Marilberto França, CEO do Affinity Seguro Viagem, destaca que o seguro viagem deixou de ser um item opcional há muito tempo. “É uma ferramenta essencial de proteção financeira e assistência ao viajante. Casos como este mostram que imprevistos acontecem e, sem cobertura, podem comprometer completamente a experiência e até a estabilidade financeira do turista”, afirma.
França recomenda que, para destinos como os Estados Unidos, os viajantes contratem planos com cobertura mínima de US$ 60 mil para despesas médicas e hospitalares, considerando os custos que o sistema de saúde local impõe, especialmente em situações de emergência.

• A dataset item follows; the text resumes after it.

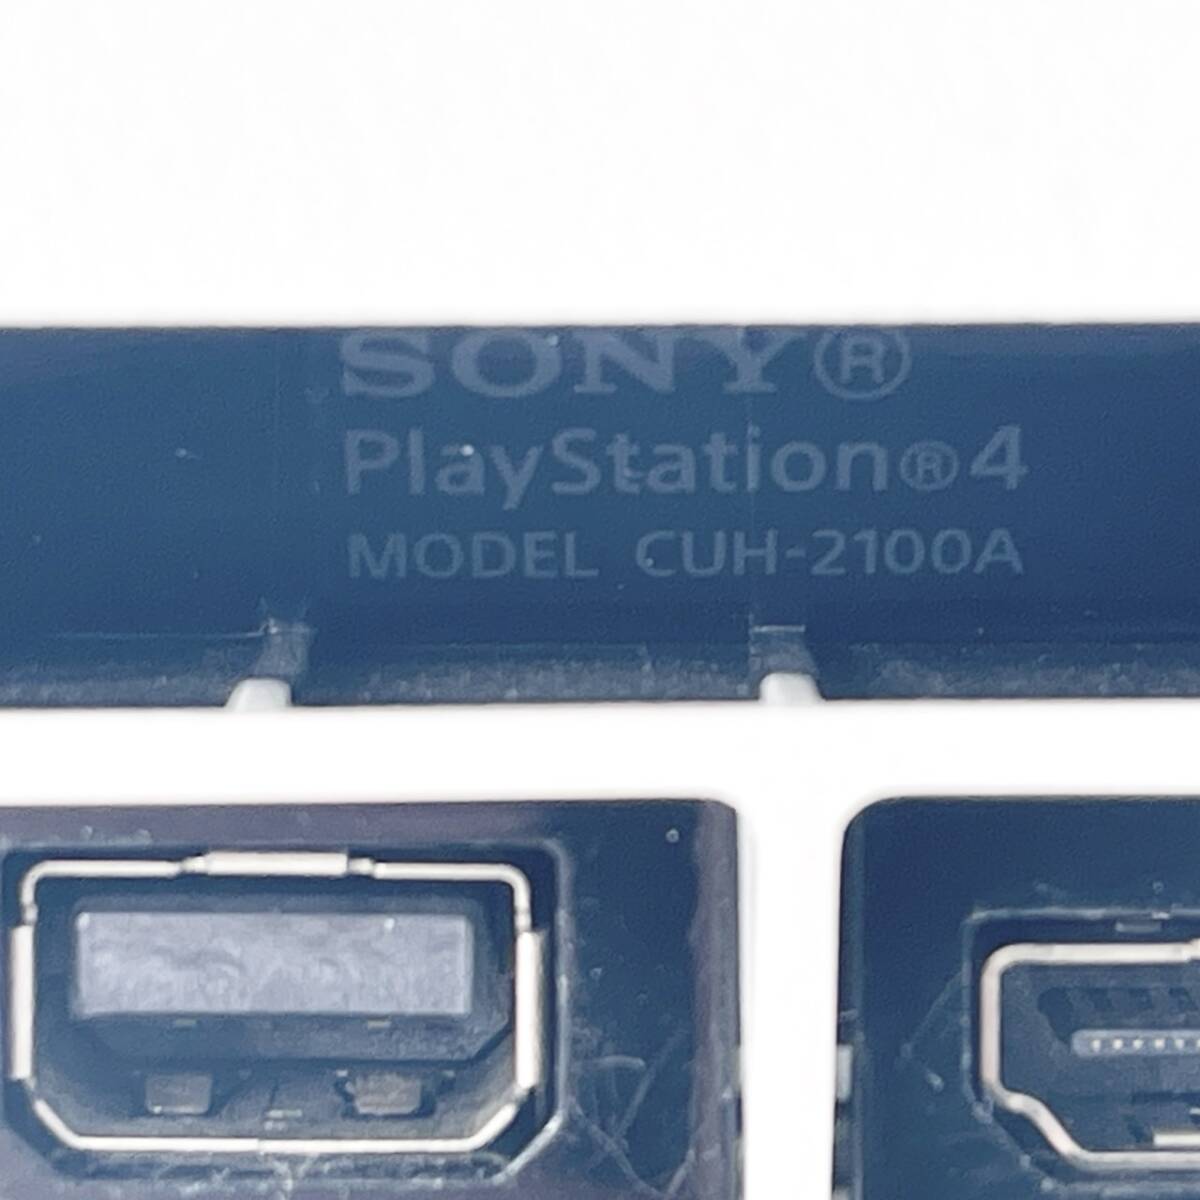 [ FW:11.02 ]1 jpy start used game machine Playstation4 500GB CUH-2100AB02 gray car -* white PlayStation PS4 PlayStation 
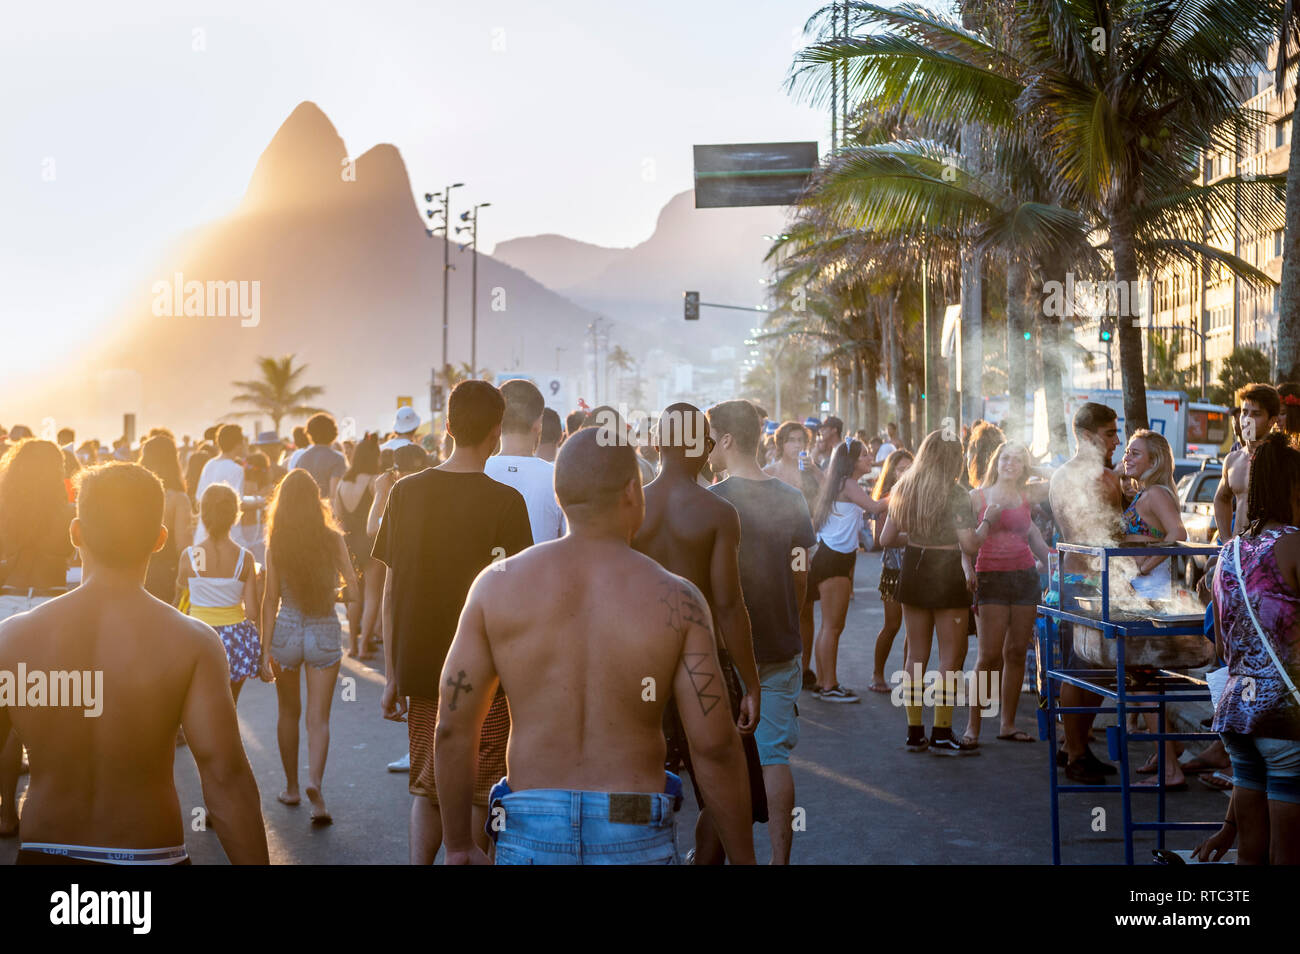 RIO DE JANEIRO - FEBRUARY 11, 2017: Crowds of Brazilians celebrate Carnival at a sunset bloco street party on the Ipanema beachfront. Stock Photo

Conscientização e Regulamentação
A discussão sobre a importância do seguro viagem também envolve aspectos regulatórios e a conscientização do consumidor. Em determinados países, a contratação de seguro é obrigatória para a entrada de turistas, enquanto em outros locais essa decisão permanece opcional, influenciando o comportamento dos viajantes brasileiros.
Embora a ampliação do acesso à informação e a divulgação de casos reais colaborem para aumentar a percepção de risco, isso ainda não se reflete em um aumento proporcional na adesão a seguros. O cenário atual sugere a necessidade de um acompanhamento mais próximo por parte de agentes de viagem e empresas do setor, a fim de garantir que os turistas estejam devidamente protegidos durante suas viagens.